Question

A particle starts from rest with constant acceleration for $20\,\sec $. If it travels a distance ${y_1}$ in the first $10\,\sec $ and a distance ${y_2}$ in the next $10\,\sec $, then?
(A) ${y_2} = 2{y_1}$
(B) ${y_2} = 3{y_1}$
(C) ${y_2} = 4{y_1}$
(D) ${y_2} = 5{y_1}$

Answer 1

Hint: The relation between the ${y_1}$ and the ${y_2}$ can be determined by using the acceleration equation of the motion. The initial velocity is taken as zero because the particle starts from rest, so the initial velocity is taken as zero, then the relation between the ${y_1}$ and the ${y_2}$ can be determined.
Useful formula:
The acceleration equation of the motion is given by,
$s = ut + \dfrac{1}{2}a{t^2}$
Where, $s$ is the distance travelled by the particle, $u$ is the initial velocity of the particle, $t$ is the time taken by the particle to travel the distance and $a$ is the acceleration of the particle.
The velocity of the particle is given by,
$v = at$
Where, $v$ is the final velocity of the particle, $a$ is the acceleration of the particle and $t$ is the time taken by the particle.

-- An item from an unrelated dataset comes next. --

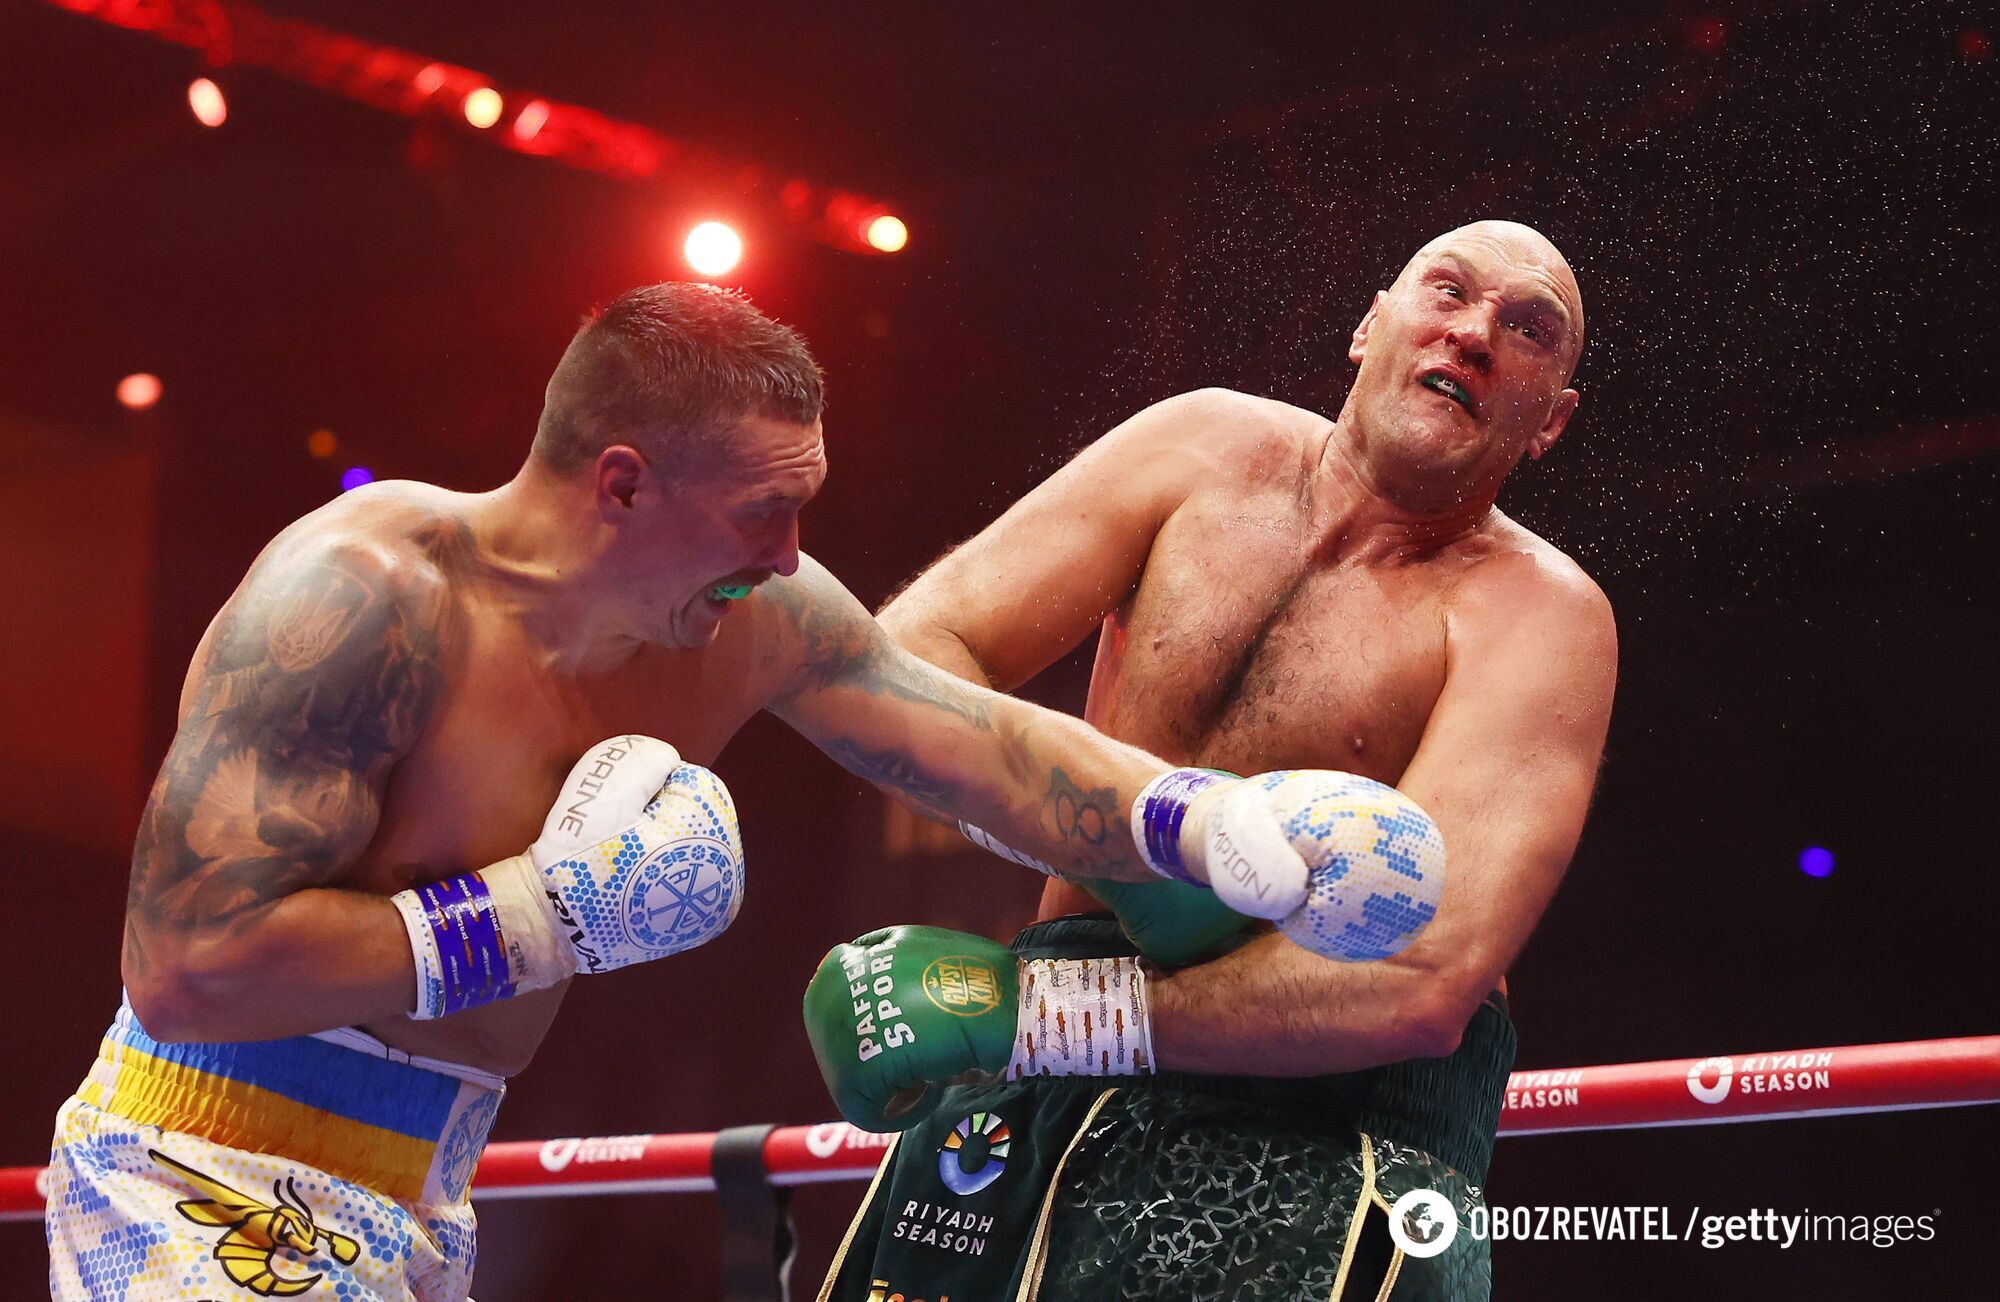 ''It can be organized'': Russian ex-champion says there is a conspiracy around the Usyk – Fury rematch

Complete step by step solution:
Given that,
The particle starts from rest that means, $u = 0\,m{s^{ - 1}}$,
The particle moves in the constant acceleration is, $a$,
The time taken for the ${y_1}$ distance is, $t = 10\,\sec $,
The time taken for the ${y_2}$ distance is, $t = 10\,\sec $.
Now,
The acceleration equation of the motion for the ${y_1}$ distance is given by,
${y_1} = ut + \dfrac{1}{2}a{t^2}\,.....................\left( 1 \right)$
By substituting the initial velocity, time taken for the distance ${y_1}$ and the acceleration in the above equation (1), then the above equation is written as,
${y_1} = \left( {0 \times 10} \right) + \dfrac{1}{2}a \times {10^2}$
By multiplying the terms in the above equation, then
${y_1} = 0 + \dfrac{1}{2}a \times {10^2}$
By squaring the terms in the above equation, then
${y_1} = \dfrac{1}{2} \times 100a$
By dividing the terms in the above equation, then
${y_1} = 50a$
Now, the velocity of the particle is given by,
$v = at\,................\left( 2 \right)$
By substituting the acceleration and the time in the above equation, then
$v = 10a$
By substituting this velocity in the equation (1), then the distance will become ${y_2}$, then
${y_2} = \left( {10a \times 10} \right) + \dfrac{1}{2}a \times {10^2}$
By multiplying the terms in the above equation, then
\[{y_2} = 100a + \dfrac{1}{2}a \times {10^2}\]
By squaring the terms in the above equation, then
\[{y_2} = 100a + \dfrac{1}{2} \times 100a\]
By dividing the terms in the above equation, then
\[{y_2} = 100a + 50a\]
By adding the terms in the above equation, then
\[{y_2} = 150a\]
The above equation is also written as,
\[{y_2} = 3 \times 50a\]
By substituting the equation of the ${y_1}$ in the above equation, then
\[{y_2} = 3{y_1}\]

Hence, the option (B) is the correct answer.

Note: The velocity of the distance ${y_2}$ is not zero because, the distance ${y_2}$ is started when the particle is moving after the distance of the ${y_1}$, so that there must be the velocity of the particle exists. But in the distance ${y_1}$ the velocity is zero because it is the starting point.